20051116_03.jpg【東山】 『ノワール』と言われましたが、悪いやつらが悪いことをして、最後は破滅する物語と思っていいですか。

【馳】 ノワールを説明するのは難しい。暗黒街が舞台であるとか、普通のモラルから逸脱した人たちが登場する物語である必要はない。普通の人が目を背ける現実の悲惨さであるとか、人の心に巣くっている闇、そういったものを書こうとするジャンルです。だから純文学のなかにもノワールはある。

【東山】 馳さんの作品は一つのスタンダードになっています。

【馳】 「不夜城」がスタンダードとかいうのは他人の評価。おれとしては未熟な作品だと思っている。多分、デビュー作というのはいろんな熱気がこもっているから、支持されたんでしょう。それに縛られるのもつまんない。
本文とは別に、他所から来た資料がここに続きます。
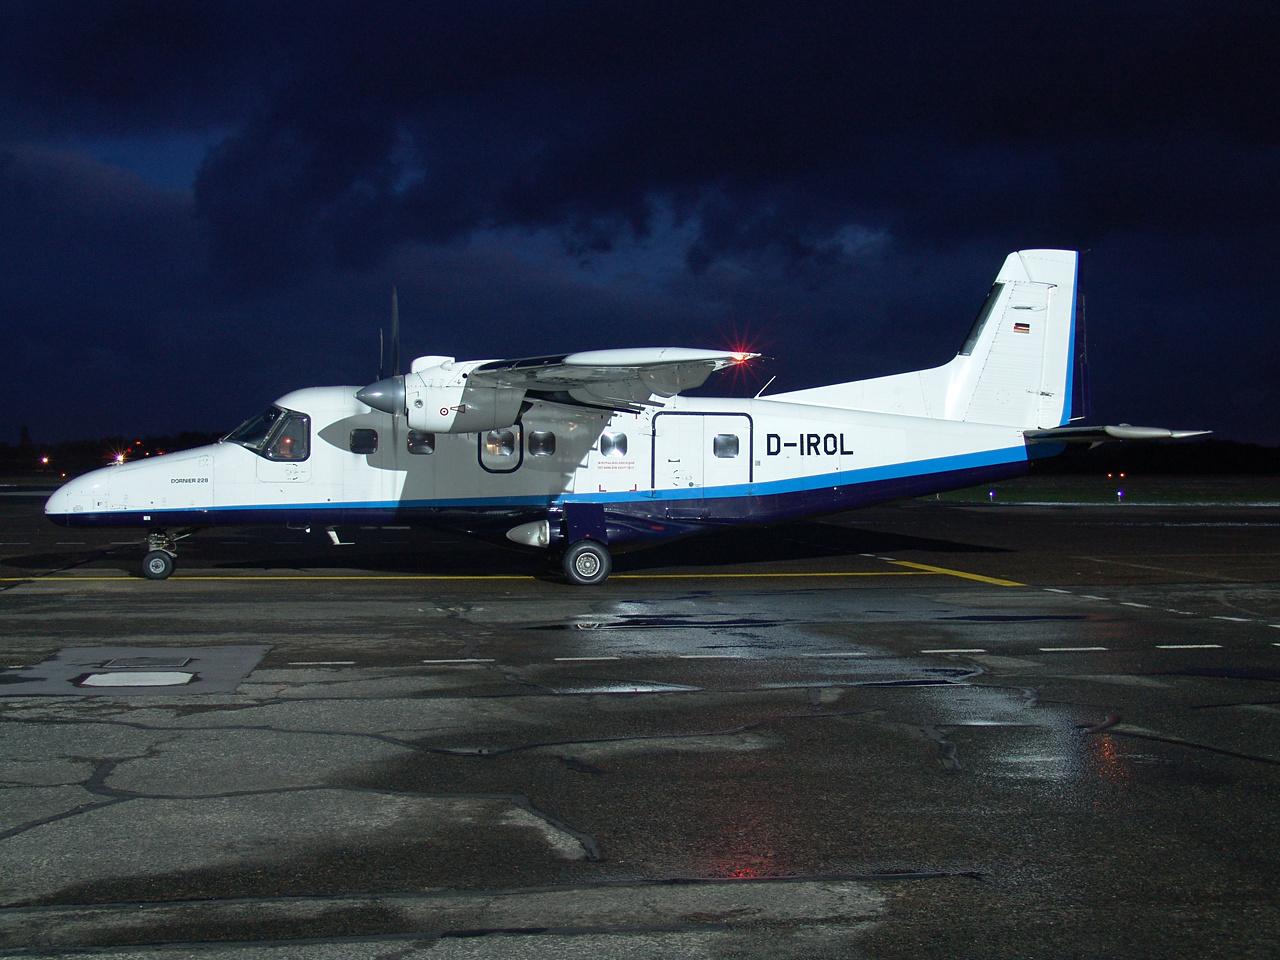 D-IROL-1 DO228 ESS 200501

20051116_04.jpg【会場からの質問】 胸のモヤモヤを書くということと、読者に面白いということのバランスは。

【馳】 エンターテインメント小説を書いているという自覚があるので、そこはバランスを取りながらやっている。自分のモチベーションだけで創作をしたければ、発表しなくてもいいんじゃないかという気持ちもあるのね。

 読者というのは、いてくれなければ困るけれど、実はうざったいな、という存在なんだよね。読者がいるから自分が表現したいことを、ある部分殺さなきゃいけないところもある。それでも80%から90%は表現しているから、そんなに苦しんだりするということはないです。

 連載を書いている時は締め切りがあるから、とにかく書いちゃえとなる。連載を単行本にする時に、時間をとってもう一度書き直すので、そのとき結構バランスを取っているみたいな部分もある。

20051116_05.jpg【新谷】 読書についてのメッセージを。

【馳】 もっと気軽に読めばいいのにと思うんです。そうすればいろんな発見があるはず。1日30分でもいい、本を読む時間を作ればもっと人生が豊かになるはずです。

【東山】 大学生なんだから、たくさん本を読んで、たくさん音楽を聴いて、たくさん映画をみて、男の子であればたくさん女の子と付き合って、女の子であればたくさん男の子と付き合ってください。

(2005/11/16)

seishu_hase.jpg馳星周(はせ・せいしゅう)
北海道生まれ、横浜市大卒。出版社勤務を経て96年「不夜城」でデビュー。吉川英治文学新人賞を受賞。「不夜城」につながる三部作「鎮魂歌」「長恨歌」など。近作は「楽園の眠り」。
akira_higashiyama.jpg東山彰良(ひがしやま・あきら)
台湾生まれ、西南学院大学経済学部大学院を修了、中国に留学。02年宝島社の第1回「このミステリーがすごい!」大賞銀賞・読者賞を受賞、「逃亡作法」という題名で出版された。「ラム&コーク」「さようなら、ギャングランド」などの作品がある。同大学講師。